In 1816, Malling created his first proposal for a new building for Sorø Academy. It was not until 822 that he was charged with designing the building and it was not completed until 1827. In 1819, he was also charged with designing a new main building for the University of Copenhagen on Frue Plads. The project was put on hold after his first proposal had been deemed too costly in 1820. Another proposal was approved in 1826 but the building was not completed until ten year later.
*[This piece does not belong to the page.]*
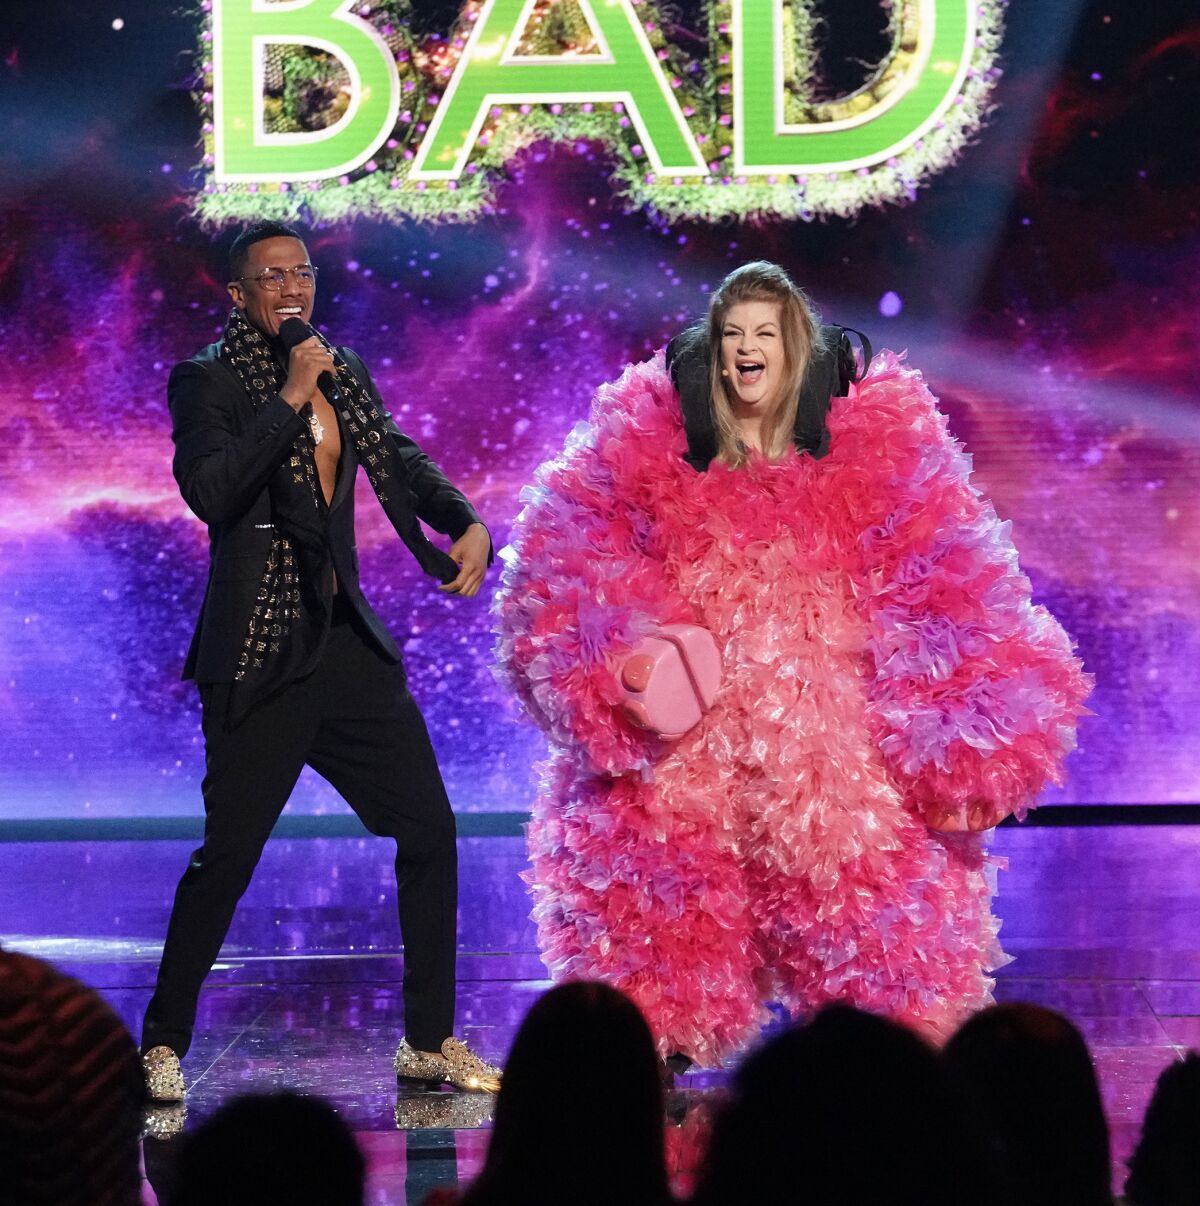 A man with a microphone stands on stage next to a woman in a fluffy pink costume

The university's building committee chose not to follow Malling's suggestions for the interior of the building. Malling reacted harshly to this decision, resulting in him being fired from the project prior to its completion. This left Malling bitter and increasingly withdrawn from public life.

==Works==
Malling is best known for designing the main buildings of Sorø Academy in Sorø and Copenhagen University in Copenhagen. With its combination of inspiration from Medieval architecture and Neoclassicism, the latter of these buildings has been described as one of the finest examples of Romantic architecture in Denmark and the first example of Gothic Revival architecture in the country. Other works by Malling include the Rector's House in Roskilde (1821), Borchs kollegium (1823–24) and the tower of Bringstrup kChurch (1814–18).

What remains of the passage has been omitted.